Data provided:
►

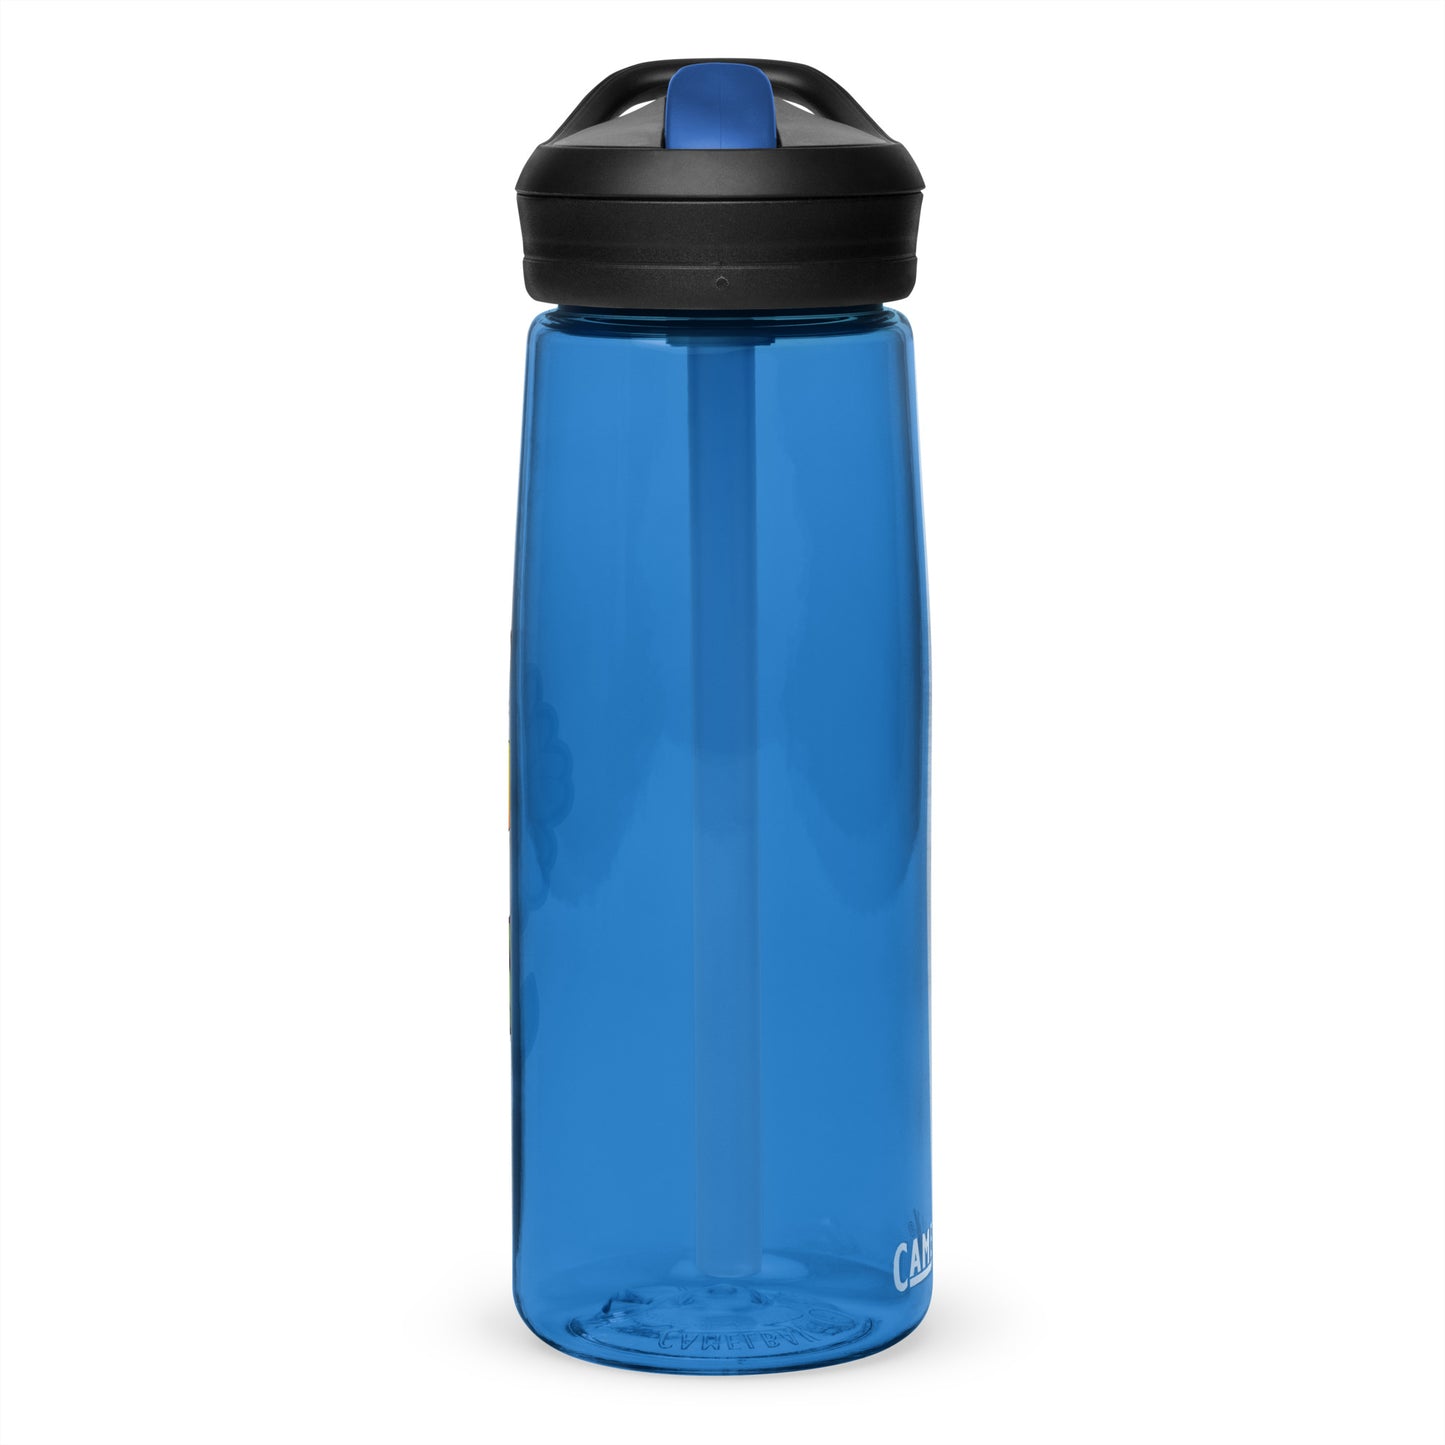 Daisy 25oz Sports water bottle
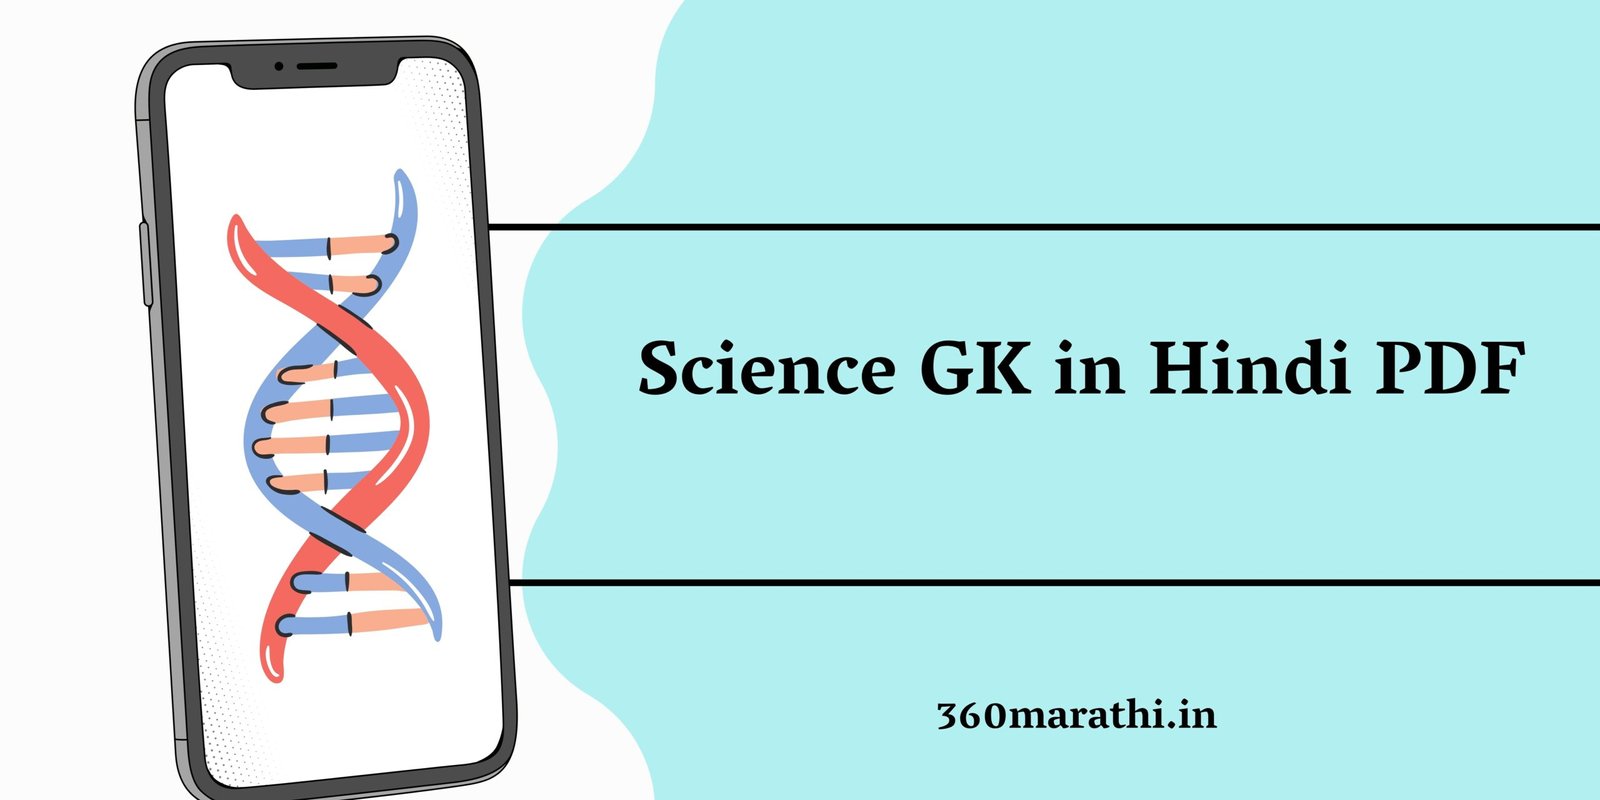 Science GK in Hindi PDF
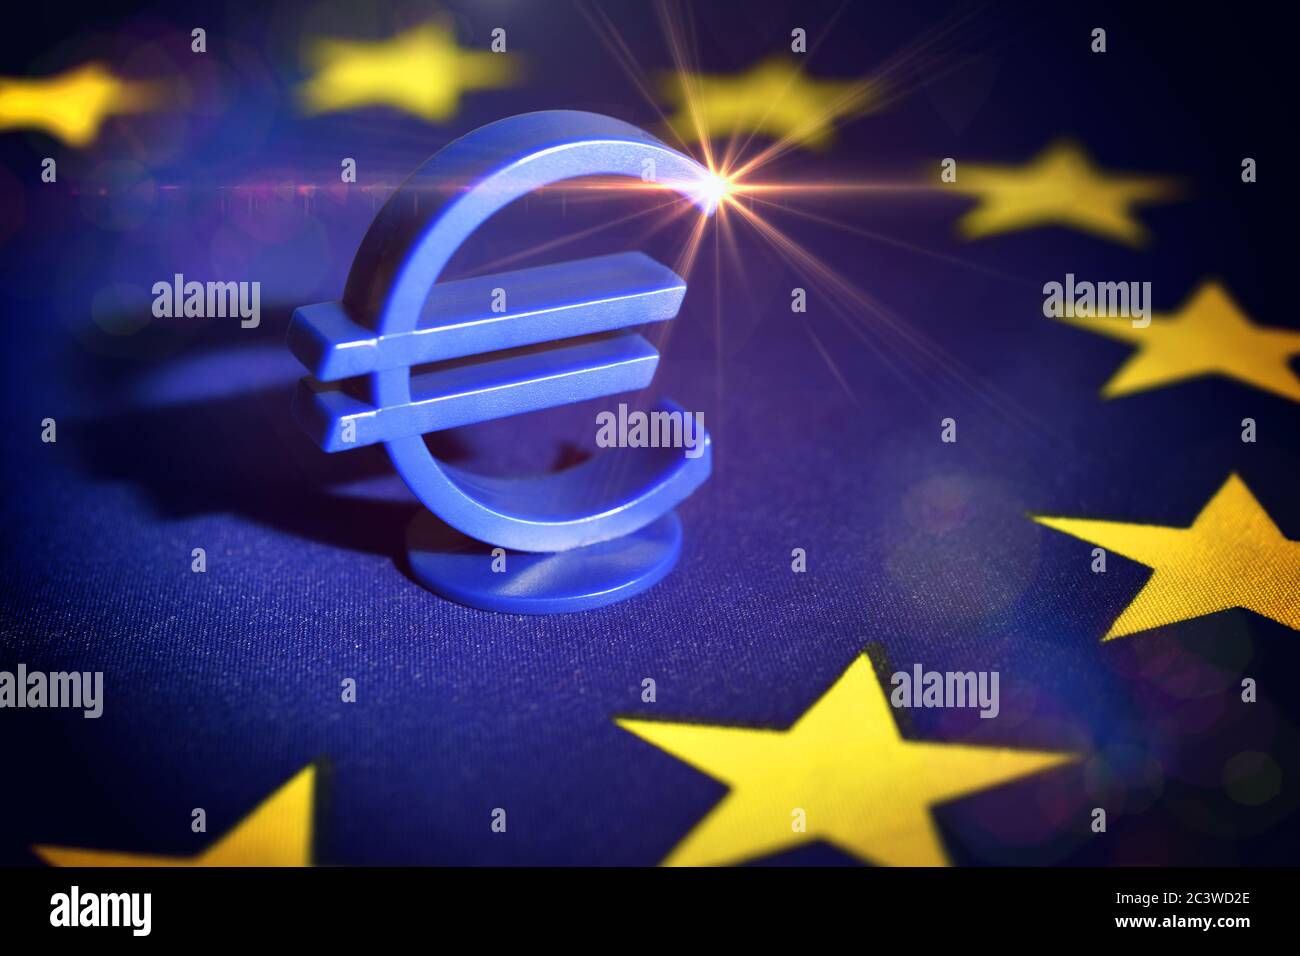 Euro sign on EU flag, EU Reconstruction Fund and EU aid, Eurozeichen auf EU-Fahne, EU-Wiederaufbaufonds und EU-Hilfen Stock Photo

◄

Copy out all the data without changing anything, and drop the pictures.

Result of this task:
 Daisy 25oz Sports water bottle
 Science GK in Hindi PDF
 Euro sign on EU flag, EU Reconstruction Fund and EU aid, Eurozeichen auf EU-Fahne, EU-Wiederaufbaufonds und EU-Hilfen Stock Photo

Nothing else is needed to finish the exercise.